A prevalent narrative holds that Epic engineered the HITECH Act for its own benefit — that Faulkner, through political connections and lobbying, manipulated the regulatory framework to favor Epic's products. The reality is more nuanced and, arguably, more interesting. HITECH didn't specifically advantage Epic over competitors. The certification requirements applied equally to all vendors. What HITECH did was massively expand the addressable market in a compressed timeframe, and in a sudden gold rush, the vendor with the best reputation for reliability and the most battle-tested product at large hospitals won a disproportionate share. Epic was winning approximately 40% of new contracts at major hospitals even before HITECH passed, according to Klas Enterprises. The stimulus didn't create Epic's advantage. It amplified it.
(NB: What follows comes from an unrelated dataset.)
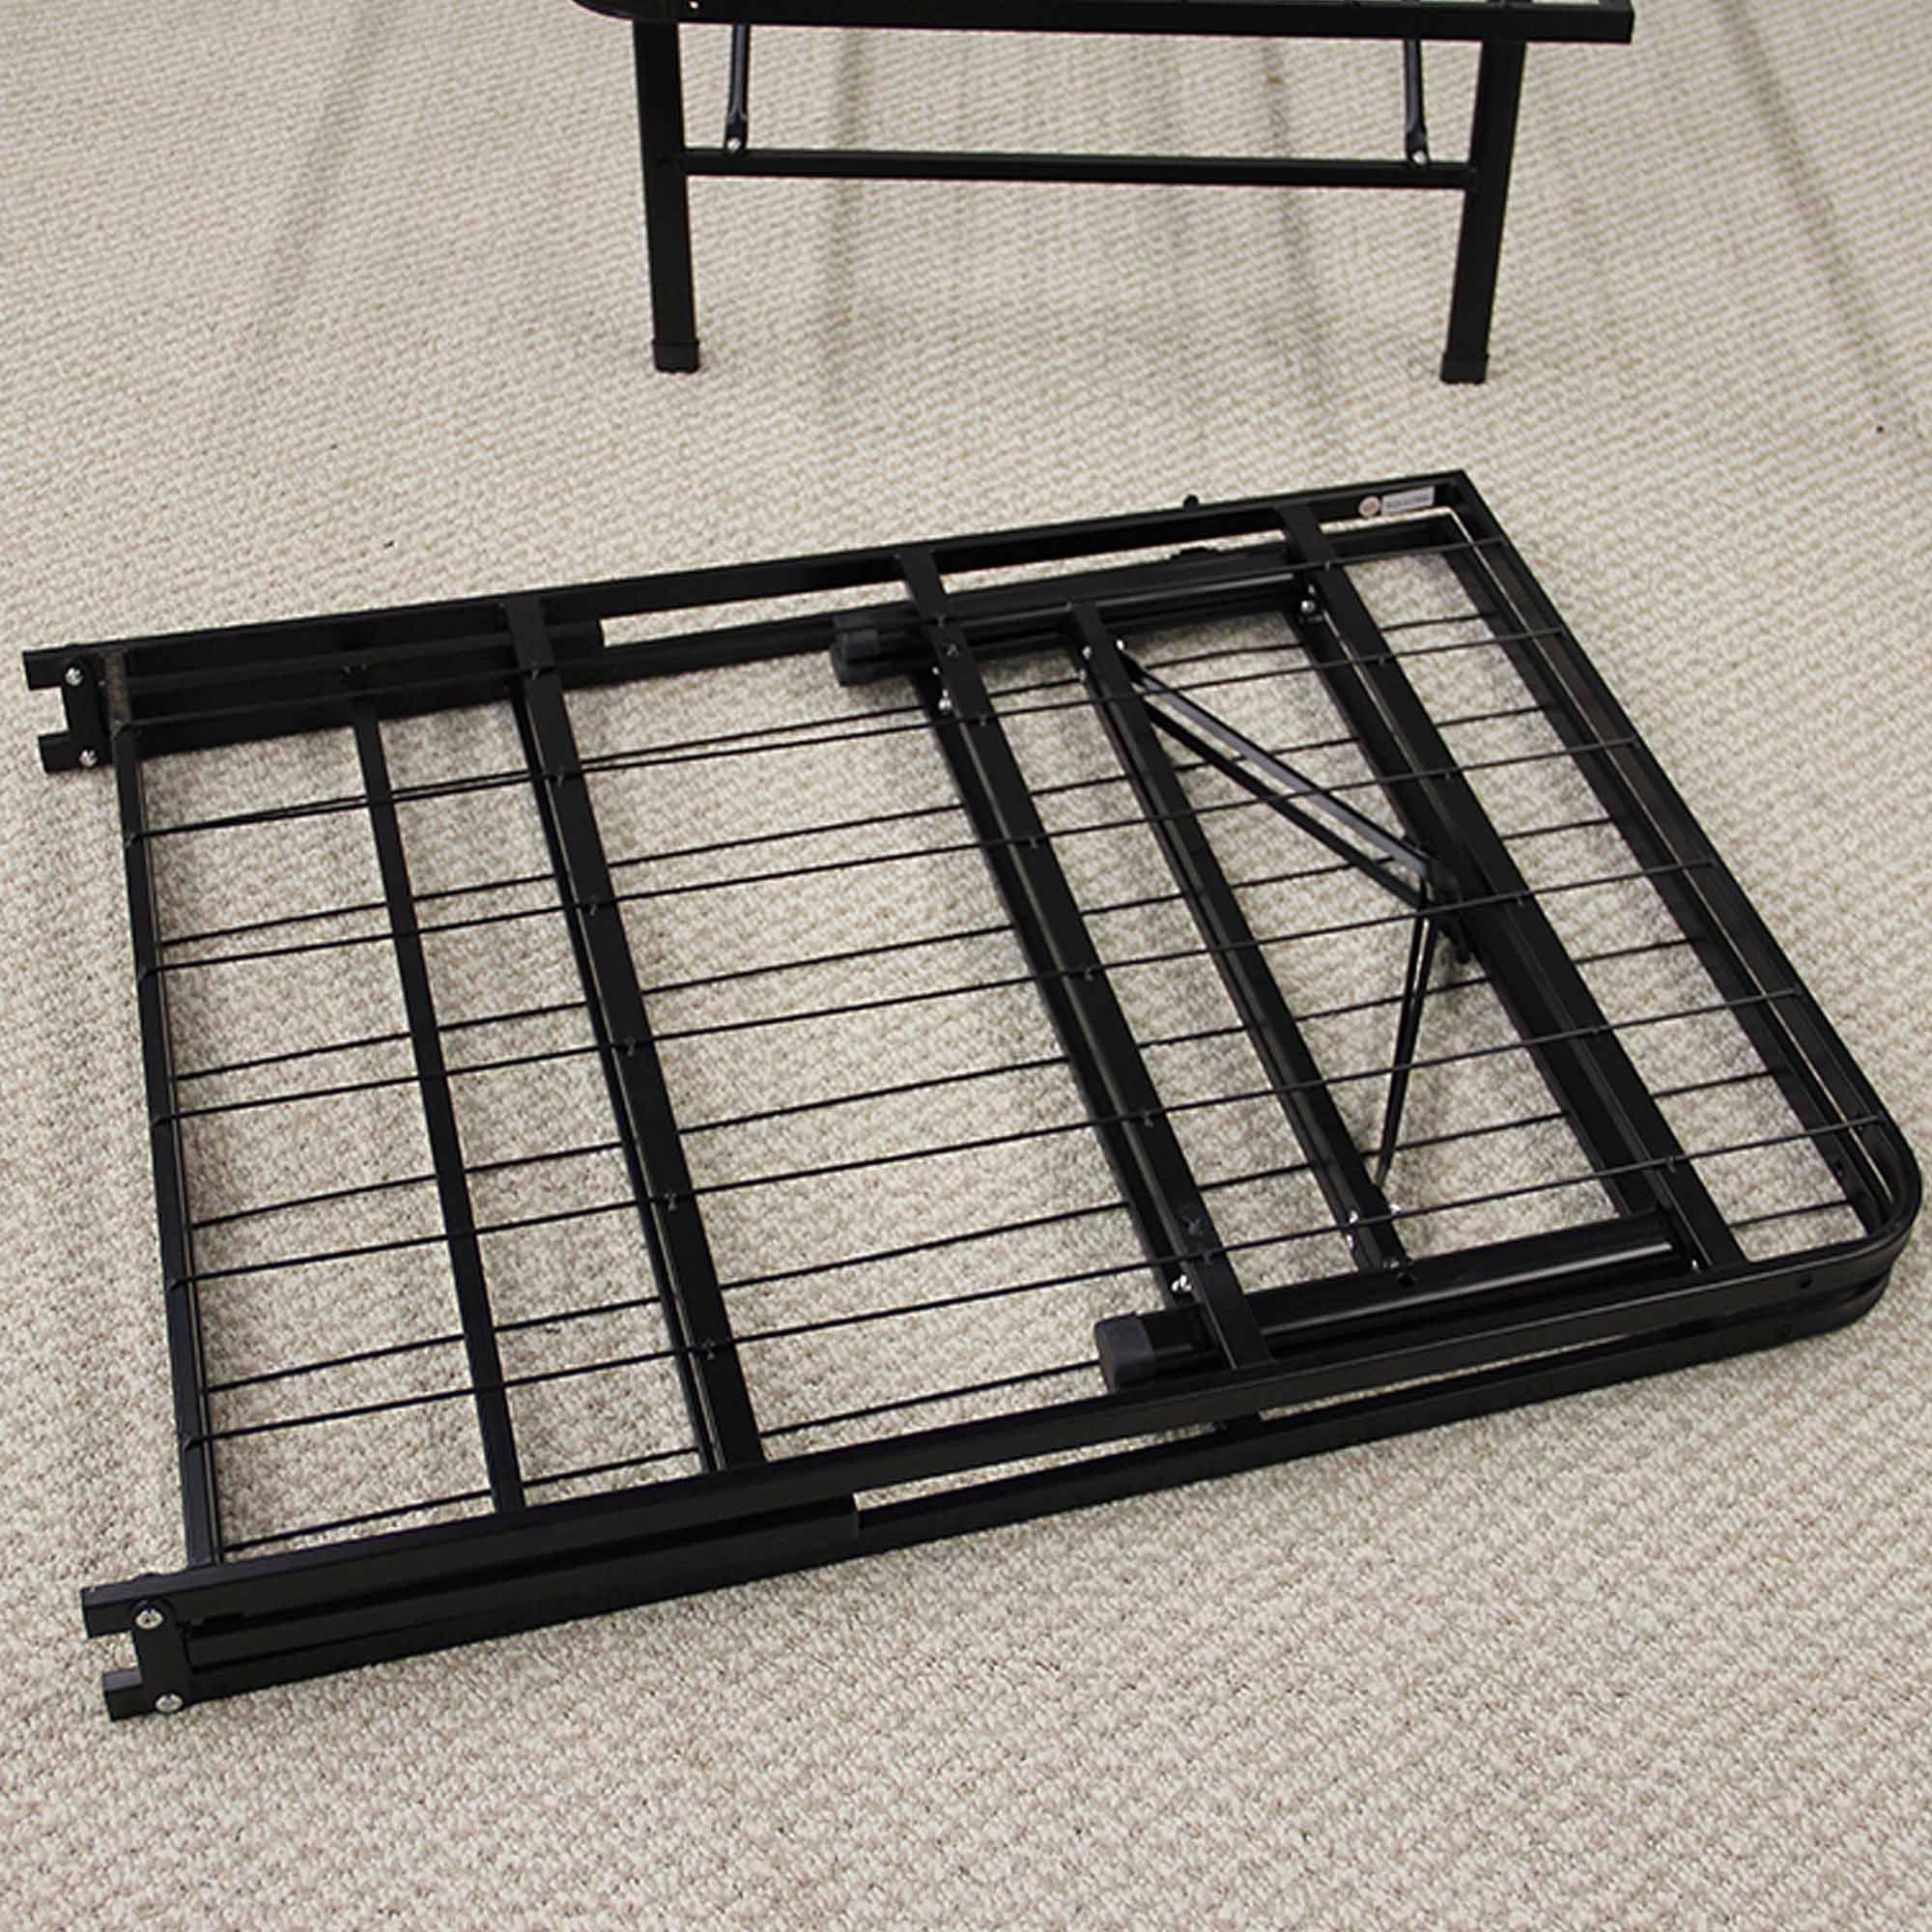 modern sleep platform metal bed frame mattress foundation walmartcom - Metal Bed Frames Full

By 2008, Epic's revenue was $600 million. By 2016, it had tripled to $1.8 billion. By 2024, it reached $5.7 billion. The curve is not exponential — it is the steady, compounding growth of a company that captures an increasing share of an expanding market, one multi-million-dollar hospital contract at a time.
The Woman in the Basement
To understand Epic, you have to understand Faulkner — which is difficult, because she doesn't especially want to be understood. She rarely gives interviews. She has never written a memoir. The company, for years, had no public relations department at all; calls to Epic were returned, when they were returned, by an outside agency. Forbes once tried to verify her age and couldn't. In 2009, Faulkner was described as "traveling and unavailable" when a reporter sought comment. The company once put up a billboard that read: "Marketing Sucks ... Epic Systems."
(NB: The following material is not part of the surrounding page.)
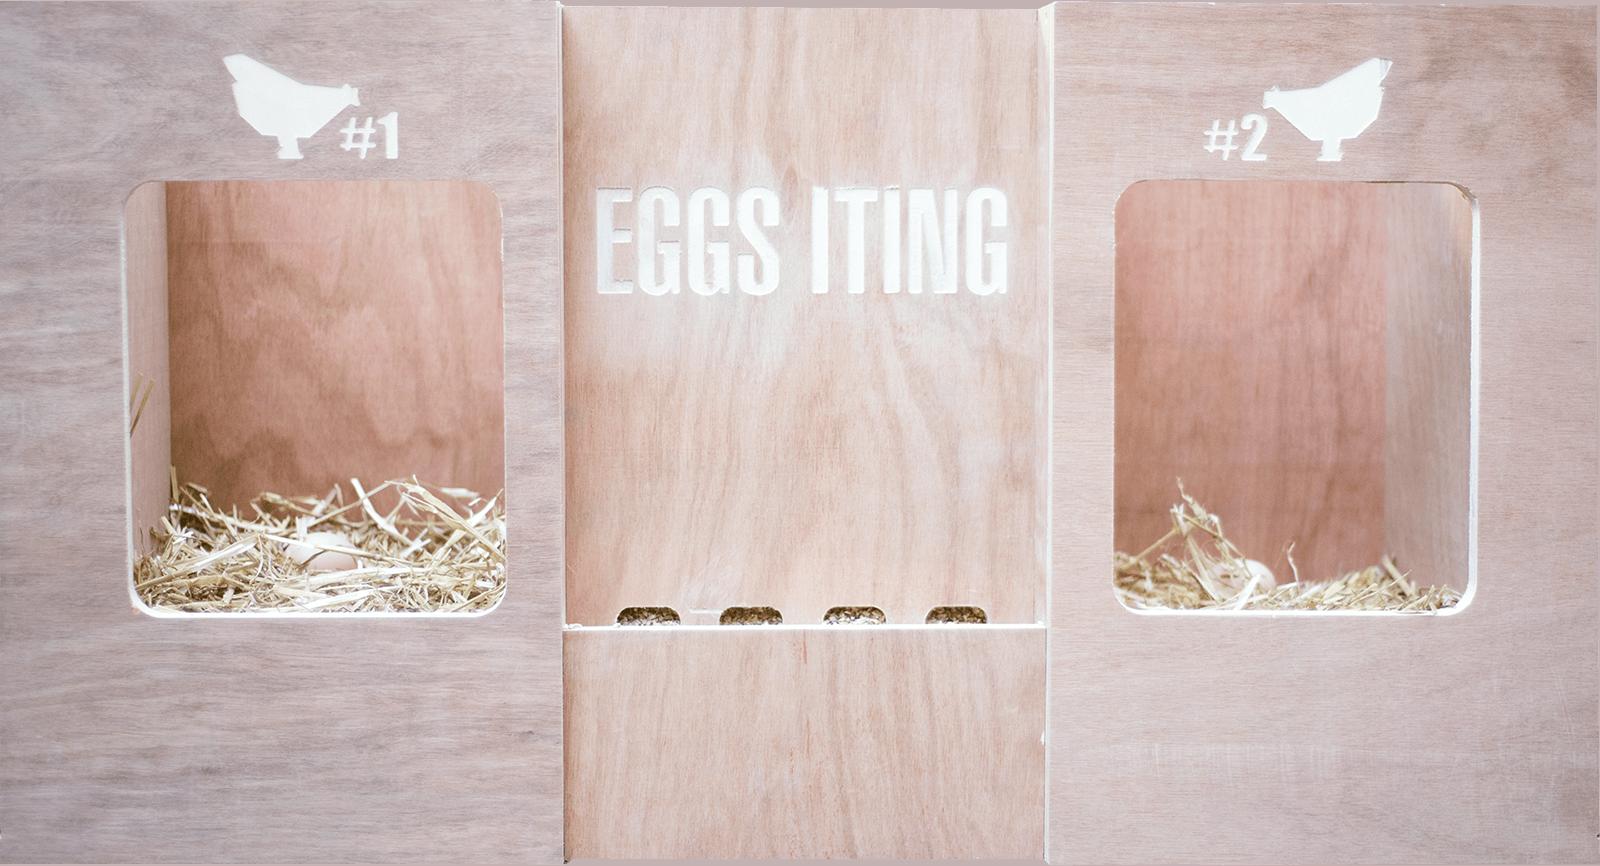 Prototype du nid eggs iting

What is known: born Judith Greenfield in August 1943, raised in the Erlton neighborhood of Cherry Hill, New Jersey. Graduated from Moorestown Friends School in 1961. Bachelor's degree from Dickinson College. Master's in computer science from the University of Wisconsin-Madison — the degree that led to the Warner Slack connection and, ultimately, to everything. Married to Dr. Gordon Faulkner, a pediatrician. Three children, none of whom work at Epic. Liberal politics. A collector of quirky artwork for the campus. An obsessive reader of science fiction. Forbes estimates her net worth at $7.8 billion, based on an estimated 43% ownership of Epic. In 2015, she signed the Giving Pledge, committing 99% of her assets to philanthropy. She reportedly sells approximately $100 million of her shares annually back to the company, with proceeds going to the Roots & Wings Foundation, a charitable organization she established with her husband.
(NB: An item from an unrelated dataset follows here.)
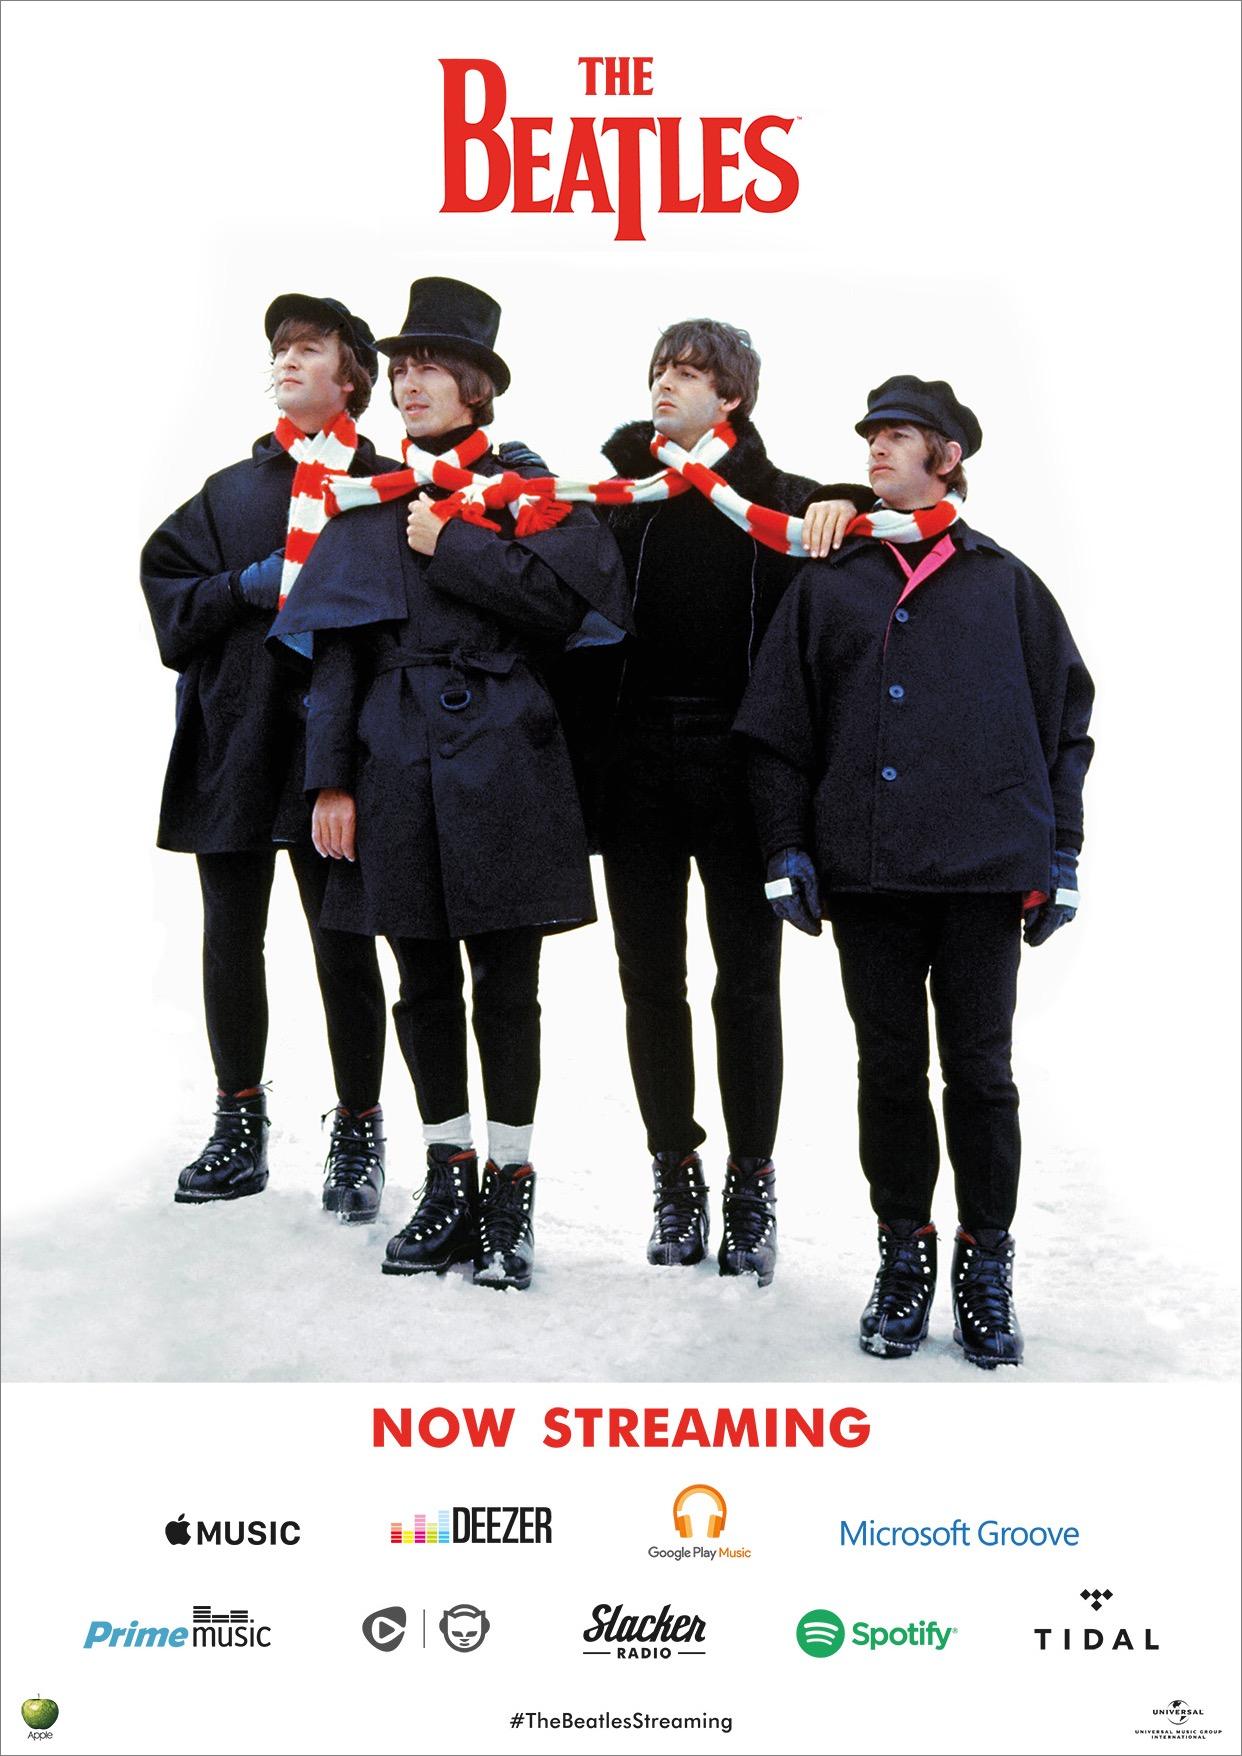 Beatles now streaming

I've described her as a female cross between
Bill Gates and Willy Wonka.
— Dr. Eric Dickson, CEO of UMass Memorial Health
The Willy Wonka comparison lands because of the campus, but the Gates comparison is more analytically precise. Like Gates, Faulkner is a programmer-CEO who built a category-defining software company, maintained an iron grip on product direction, refused to cede strategic control to outside investors, and proved willing to compete ruthlessly behind a veneer of mission-driven earnestness. Like Gates, she understood early that in enterprise software, the product that achieves critical mass becomes the standard — and that switching costs in her market are not merely high but effectively infinite. A hospital that has spent $20 to $30 million and two or more years implementing Epic's system, retraining thousands of clinicians, migrating millions of patient records, and rewiring every clinical workflow from pharmacy to radiology — that hospital is not switching. Period.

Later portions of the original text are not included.